VST2 doesn't support window-resizing. vst3 does!


----------



## AR (Feb 1, 2009)

I'd like to have full 64-bit support and unlimited RAM access (which was announced already for the K 3.5 Update).

Then whatelse I'd like to have (but not necessarily): How much RAM I can adress to each opened .nki program. (Similar to changing voices per instance.)

Greets
AR


----------



## steff3 (Feb 1, 2009)

Select zone and edit their sample params together - directly, without going forth and back and so on ....

better access to params of a voice instead of only to groups from scripts ...

ability to change the color of columns of a table in real time (script) ....

for script ui-elements (knobs and tables) - an update on mouse button up instead of on change .... 

best


----------



## Andreas Moisa (Feb 1, 2009)

I'd like to organize all my Kontakt Libraries in the way it's done in the Kontakt Player.
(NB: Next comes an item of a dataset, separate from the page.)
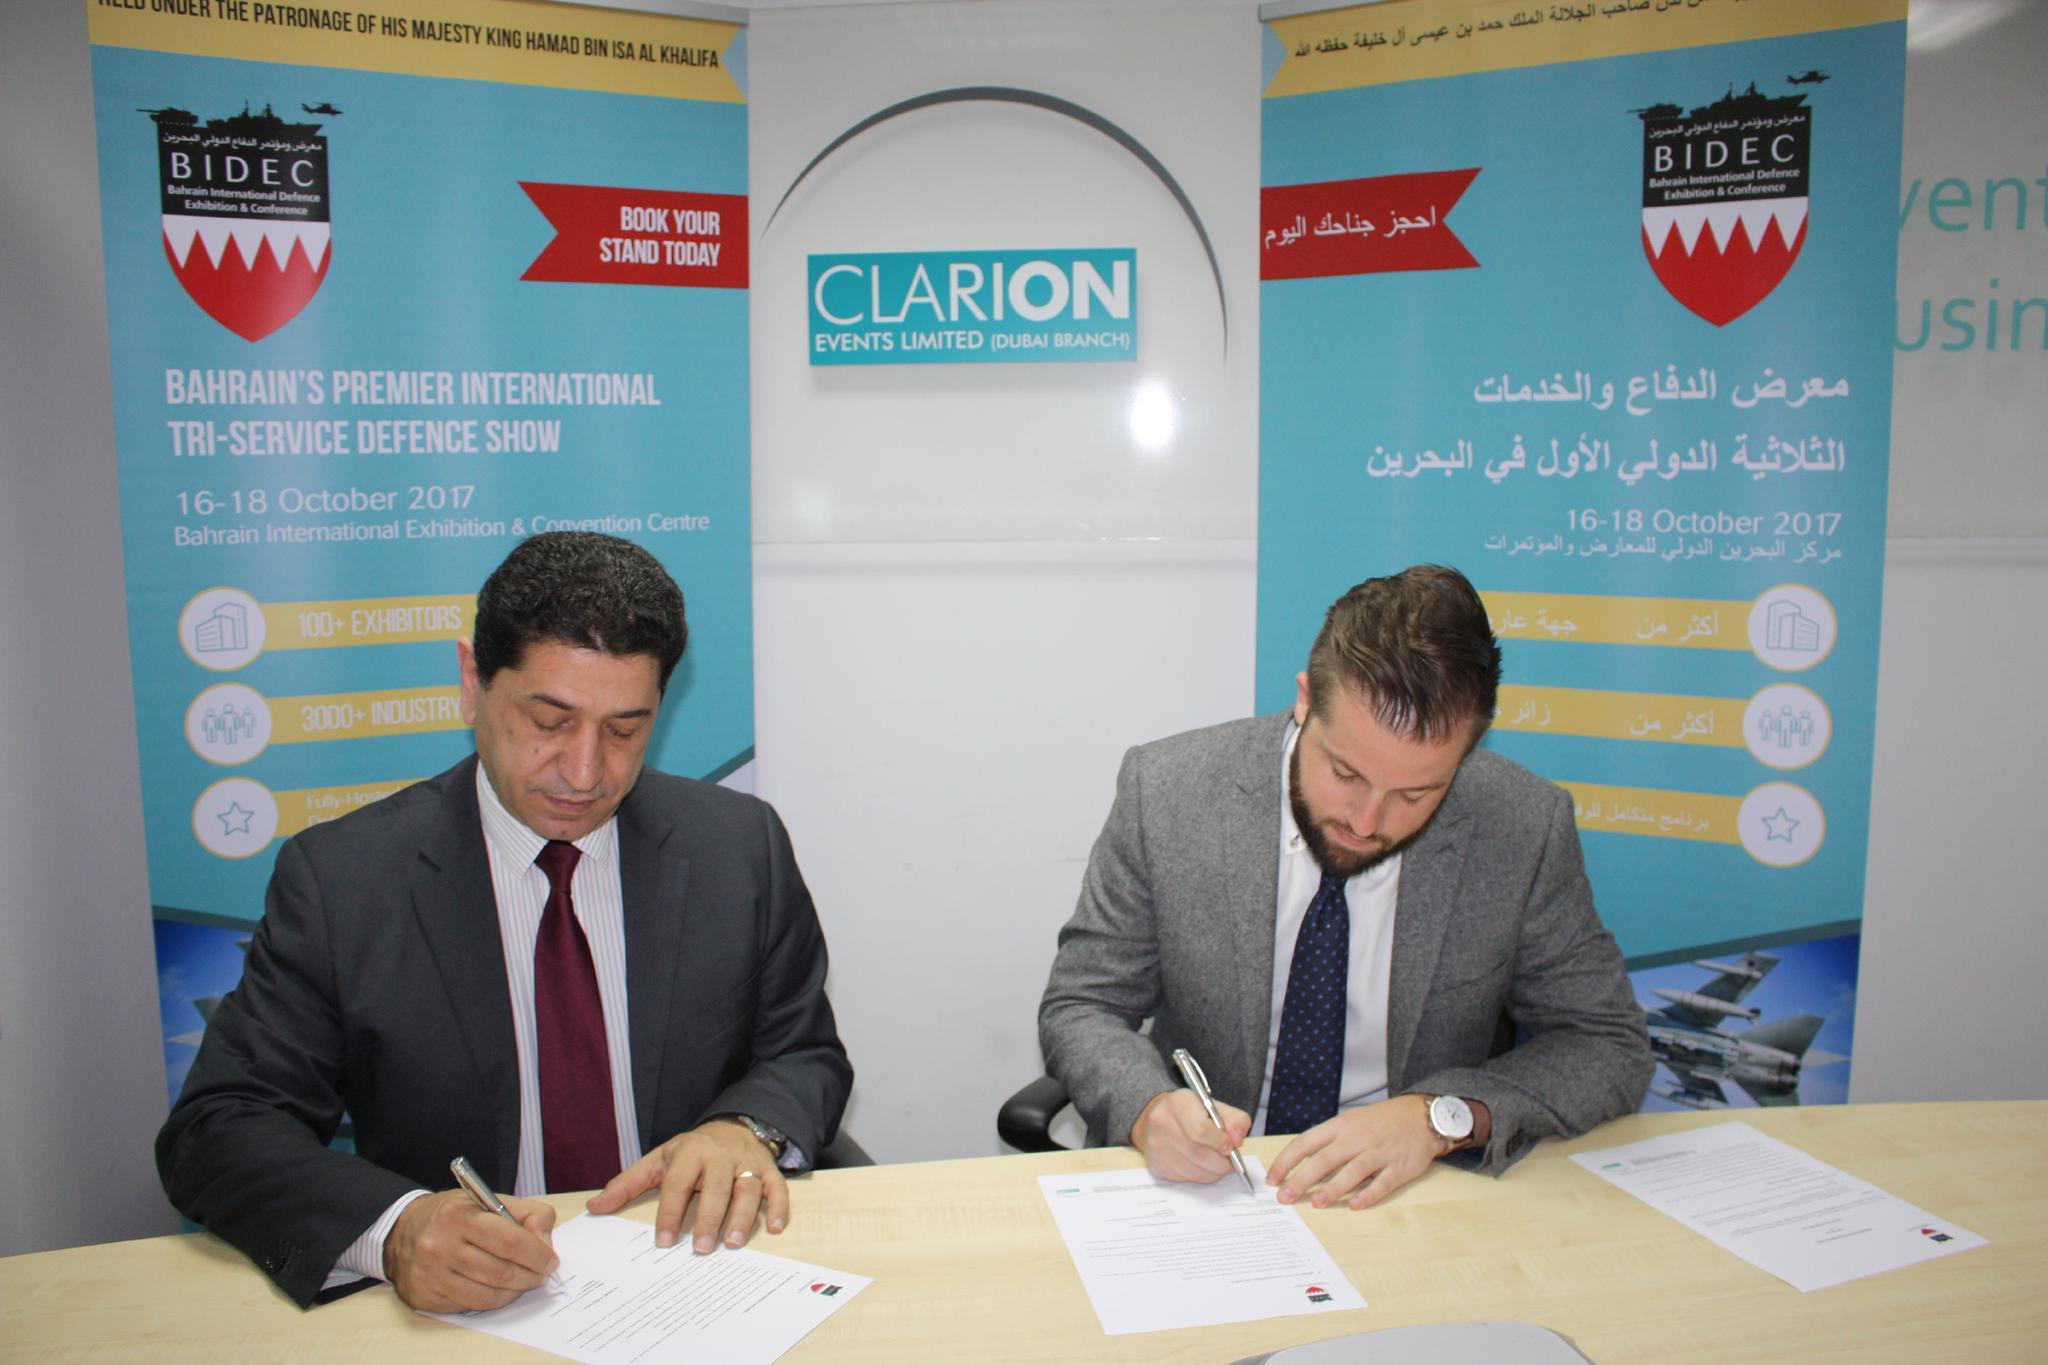 Arab National Security Forum, NSA Forum announced as Official Arabic Online Media Partner for BIDEC 2017

The Kontakt Player Browser feature is coming in 3.5 and i hope it's possible to organize also non K2Player-Libraries the same way. So cool browsing features are on my wish list


----------



## gsilbers (Feb 4, 2009)

Angel @ Sun Feb 01 said:


> gsilbers @ Sat Jan 31 said:
> 
> 
> > re-sizable windows, damn those menus are small!
> ...



AU for me


----------



## paoling (Feb 22, 2009)

The possibility to move instruments directly into banks, without the need to save them and import by browser. 
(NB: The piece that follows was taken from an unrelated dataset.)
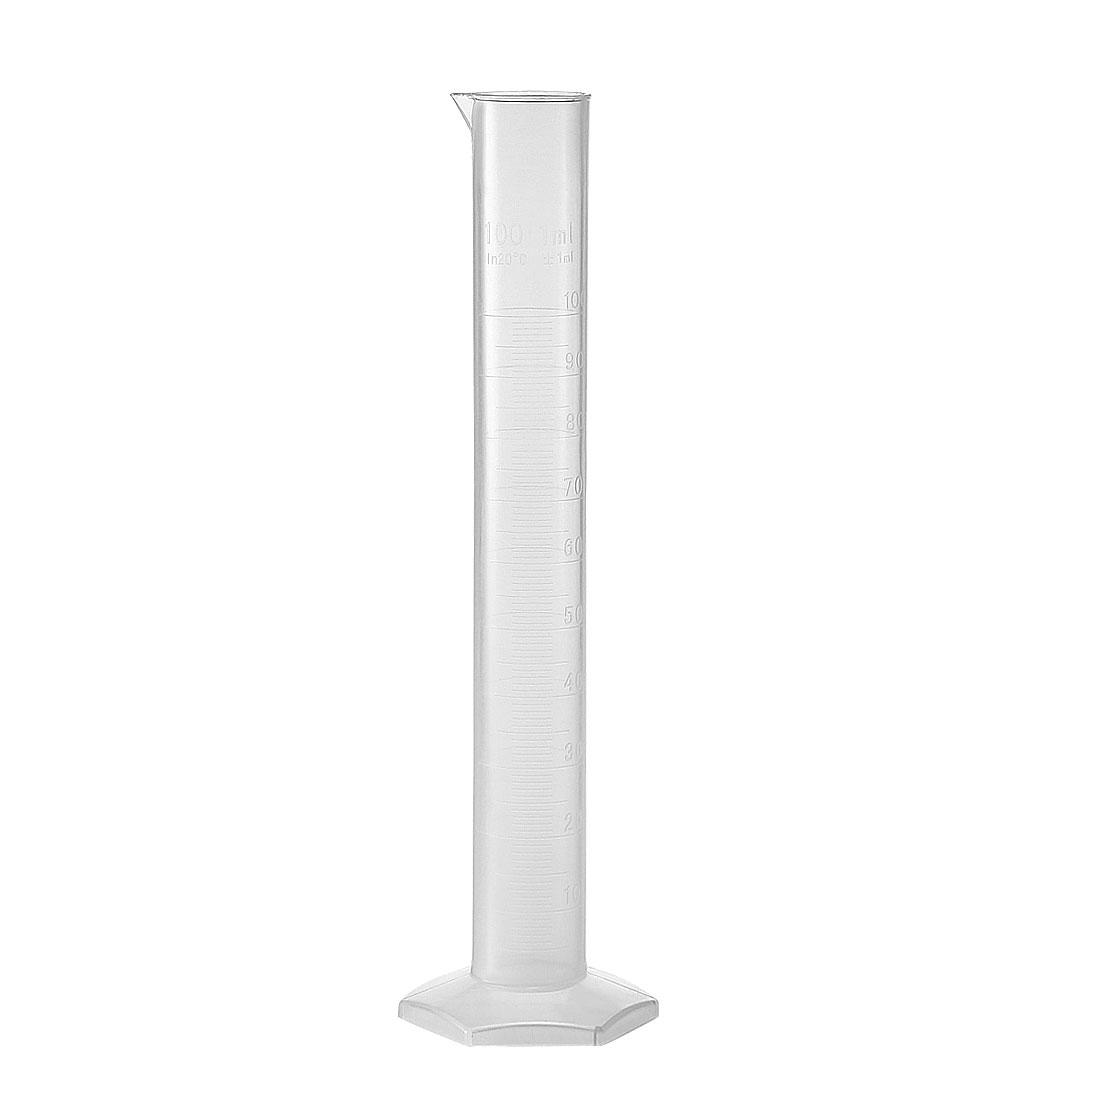 100ml Laboratory Measurements Clear White Plastic

A way, maybe it exists already, to move an instrument freely between the 4 pages of 16 instruments, in standalone mode.


----------



## MaraschinoMusic (Feb 22, 2009)

Fix the "missing samples" bug...


----------



## Nickie Fønshauge (Feb 23, 2009)

As usual: script access to Aftertouch. But, I'm afraid that would require a miracle.


----------



## Justus (Feb 23, 2009)

Drag and drop a patch over an open patch.
It's annoying that you have to close the patch you want to replace first.


----------